High Availability Setup
Introduction
In production environments, monitoring systems like Prometheus are critical infrastructure components that should never fail. A monitoring outage can leave your team blind to application or infrastructure issues. High Availability (HA) in Prometheus refers to configuring your monitoring system to eliminate single points of failure, ensuring continuous operation even when individual components fail.
This guide explains how to implement high availability for Prometheus, covering redundant server deployments, data replication strategies, and load balancing approaches. Whether you're managing a small cluster or a large-scale infrastructure, these principles will help you build a resilient monitoring system.
Understanding Prometheus High Availability Challenges
Before diving into implementation, it's important to understand the specific challenges of making Prometheus highly available:
- Stateful Nature: Prometheus stores time-series data locally by default
- Single-Node Architecture: Prometheus was designed as a single-node application
- Lack of Native Clustering: Unlike some databases, Prometheus doesn't have built-in clustering
- Consistency Requirements: Alerting requires consistent data views to avoid duplicate or missed alerts
High Availability Patterns for Prometheus
Pattern 1: Simple Redundancy (Active-Passive)
The simplest approach to Prometheus HA is running identical, independent Prometheus servers that scrape the same targets.
Implementation Steps:
- Deploy multiple Prometheus instances with identical scrape configurations:
# prometheus-1.yml
global:
scrape_interval: 15s
scrape_configs:
- job_name: 'web-servers'
static_configs:
- targets: ['web1:9090', 'web2:9090', 'web3:9090']

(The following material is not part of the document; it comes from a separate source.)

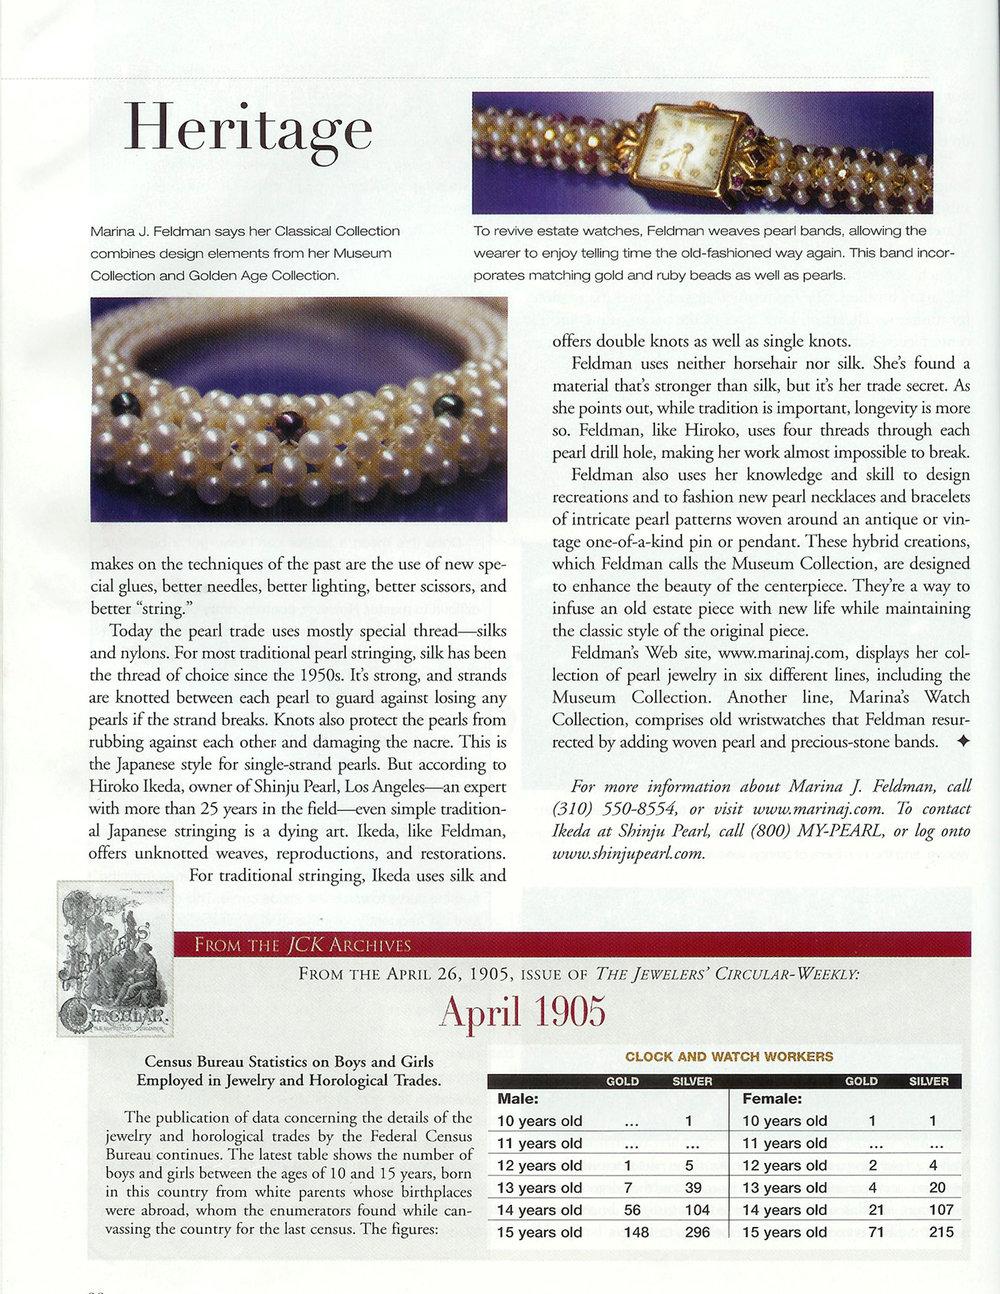 JCK Tear Sheet Page 3 March 04.jpg

- Configure identical alerting rules on each Prometheus server:
# alert-rules.yml
groups:
- name: example
rules:
- alert: InstanceDown
expr: up == 0
for: 5m
labels:
severity: critical
annotations:
summary: "Instance {{ $labels.instance }} down"
description: "{{ $labels.instance }} of job {{ $labels.job }} has been down for more than 5 minutes."
- Set up Alertmanager deduplication to handle duplicate alerts from multiple Prometheus servers:
# alertmanager.yml
global:
resolve_timeout: 5m
route:
group_by: ['alertname', 'instance', 'job']
group_wait: 30s
group_interval: 5m
repeat_interval: 12h
receiver: 'team-email'
receivers:
- name: 'team-email'
email_configs:
- to: '[email protected]'
Pattern 2: Advanced Redundancy with Thanos
For larger deployments, Thanos extends Prometheus to provide:
- Long-term storage via object storage (S3, GCS, etc.)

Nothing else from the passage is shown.